Moatasim remains mindful of injustice and inequality, but her work gently demolishes binary divisions of this kind. As far as its actual role in everyday urban administration goes, C.A. Doxiadis’s visionary Islamabad master plan appears less as a “high modernist” machine of disciplinary power and more like first among equals, with many overlapping regulatory frameworks creatively stretched, adapted, or even ignored in never-ending negotiations over rights to urban space. Justice Shaukat Aziz Siddiqui’s 2014 order to maintain Islamabad’s purity as a “state-of-the-art city,” through the ruthless enforcement of zoning legislation and clearing of encroachments, was very much exceptional and came from a politically motivated member of the judiciary rather than the city authorities themselves. While the availability of wealth and political connections certainly plays a major role in the tactics chosen by different groups of residents, Moatasim highlights the similarities in how rich and poor seek to secure their advantage in an expansive grey area between legality and illegality. They all speculate, encroach, use deception and architectural camouflage, seek out regulatory loopholes, manipulate the power of courts, and (on rare occasion) resort to collective action. The “state” in Moatasim’s account is neither a simple enforcer of regulations nor a unitary institution. The Capital Development Authority (CDA) fights its own battles with Union Councils and the courts, showing infinite inventiveness in the creation of semi-legal or temporary “rights” and obligations. A nudge and a wink are as much part of its standard administrative repertoire as a fine or eviction notice.
The book presents four thematic case studies exploring how spatial politics work in practice: informal property and tenancy rights in France Colony, a mostly Christian and low-caste irregular settlement right at the heart of one of Islamabad poshest sectors; temporary encroachments by both ordinary and elite businesses across the city; the illegal (or rather semi-legal) land grabbing around Bani Gala in Islamabad’s designated national park and recreation area; and finally, the use of residential properties for commercial use in contradiction to zoning legislation.
Moatasim’s perspective is that of a trained architect venturing out for anthropological field work, archival study, and oral history. Her professional training allows her to focus on elements in the workings of the everyday state that social scientists or historians would likely miss. Claims to space are communicated and recognized through documents and the use of certain building materials and architectural designs. In what she calls “long-term temporariness,” the owners of khokas and shops may deliberately choose reusable materials to mark their venues as make-shift, which ironically then allows them to be tolerated by the CDA as “temporary” over very long periods of time, establishing a sense of semi-permanency. In this manner, the authority can safeguard the sanctity of the master plan in principle while also creating the flexibility a city like Islamabad needs to function. In a similar vein, architectural design has been used to negotiate infringements on zoning legislation. Doxiadis’s plan was based on the strict separation of residential and commercial areas, which forced many enterprises – from doctors and beauticians to private schools, boutiques, furniture shops, hotels, restaurants, and even embassies – to operate out of large residential buildings in due course. In terms of design, the needs of the enterprise in question had to be balanced against the need to preserve a residential architectural appearance, again not so much to deceive the planning authorities but rather to enable them to turn a blind eye without overstepping their own standards. Architecture was, in fact, a negotiation that could be continued into the legal domain through the imposition and payment of fines, or through the long-term pursuit of cases through the courts that helped freeze the status quo into another form of “long-term temporariness.”

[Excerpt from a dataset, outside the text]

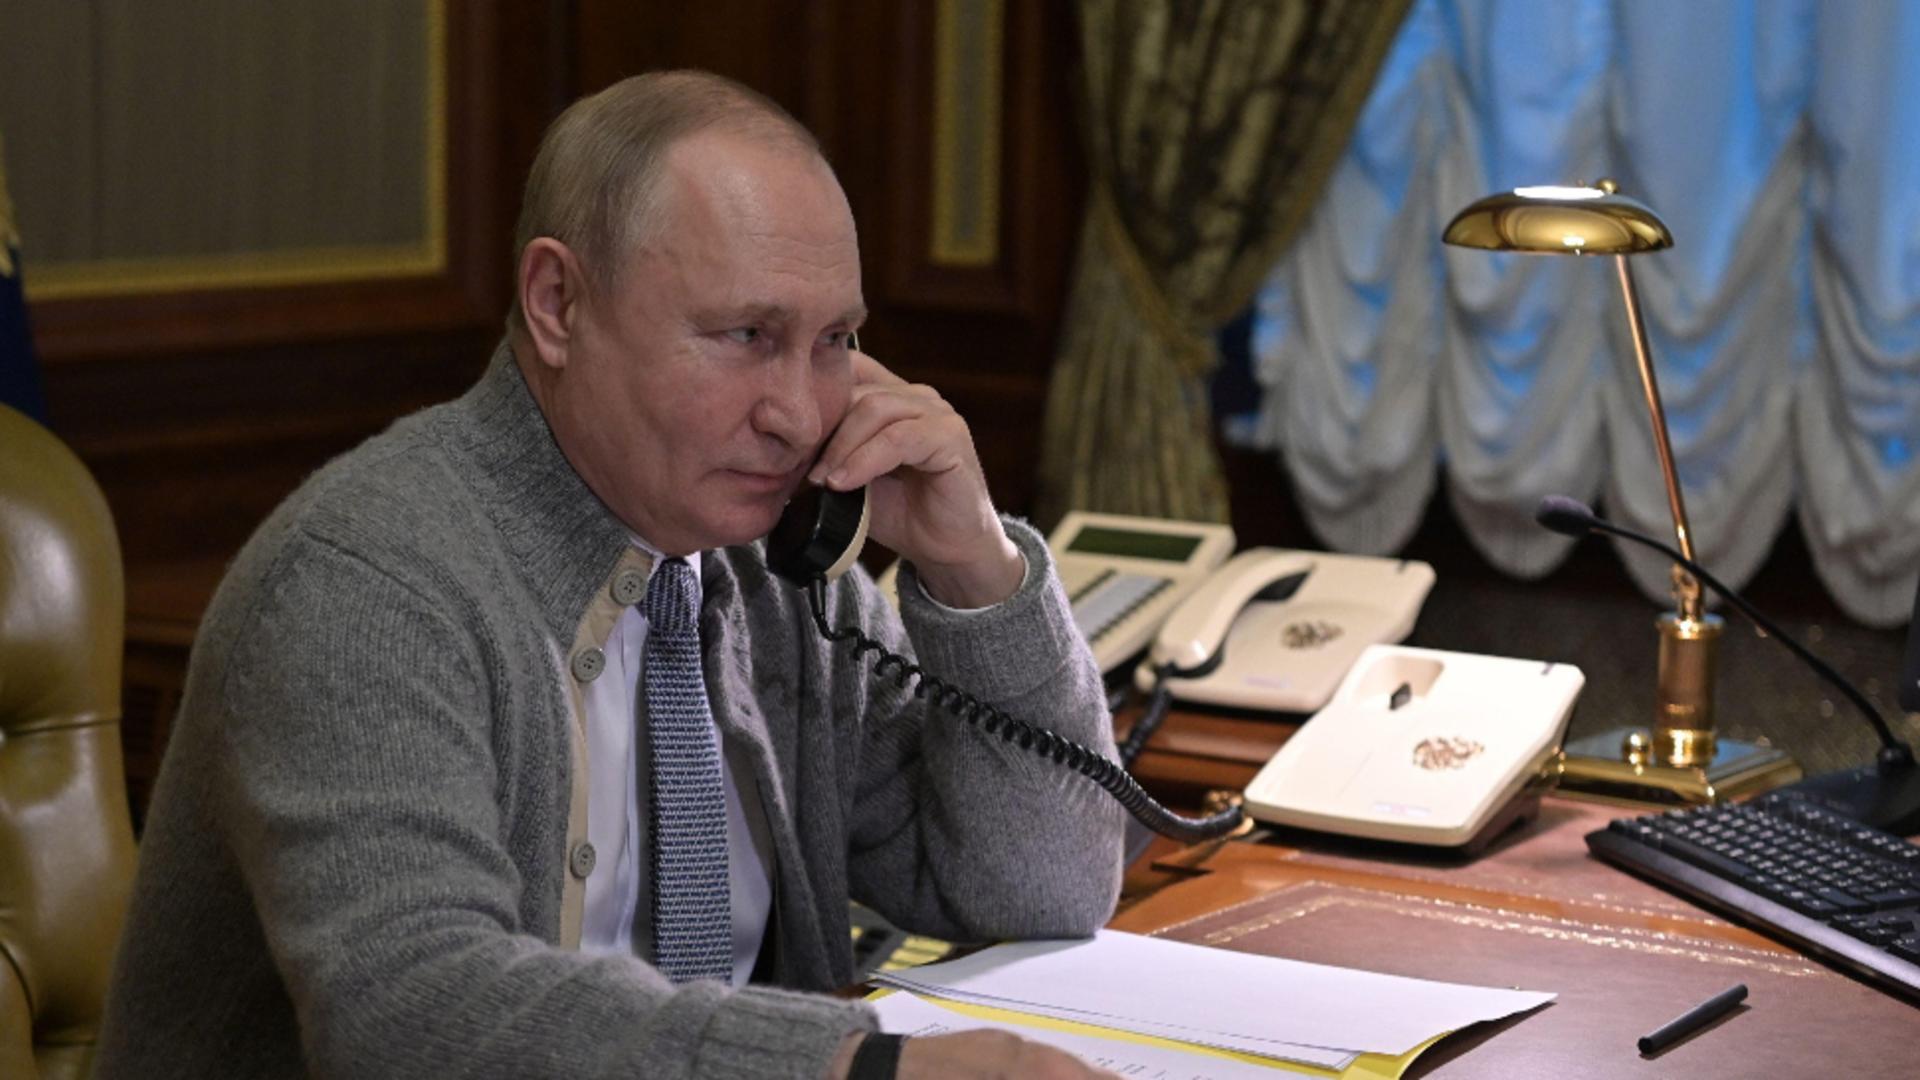 Vladimir Putin / Sursa foto: Profi Media

What remains after reading Master Plans and Encroachments is a sense of everyday politics in Pakistan as an infinitely flexible and inventive game shared across social divisions, which – despite the very real presence of brutality and inequality – amounts to a complicated but workable way of organizing life in a rapidly changing urban environment. To restore a sense of “normality” to Islamabad – where ordinary people simply do their best to come to terms with a challenging, but not hopeless, environment – involves trade-offs, however. Moatasim’s analysis gains its sharpness from a tight empirical observation of one place in what could be described as a temporality of the everyday. To the historian, at least, it is disorienting to read an analysis of politics that completely glosses over changes in governments and regimes. It is strange to see events in the 1970s placed alongside events in the 1990s and 2000s as if changing circumstances did not matter. Episodes such as Justice Siddiqui’s aforementioned enforcement drive appear as incomprehensible bolts out of the blue to this optic. Equally revealingly, the book finds space for a (largely rhetorical) comparison with Los Angeles but no space for anything connecting Islamabad to Karachi, Lahore, or the rest of Pakistan for that matter.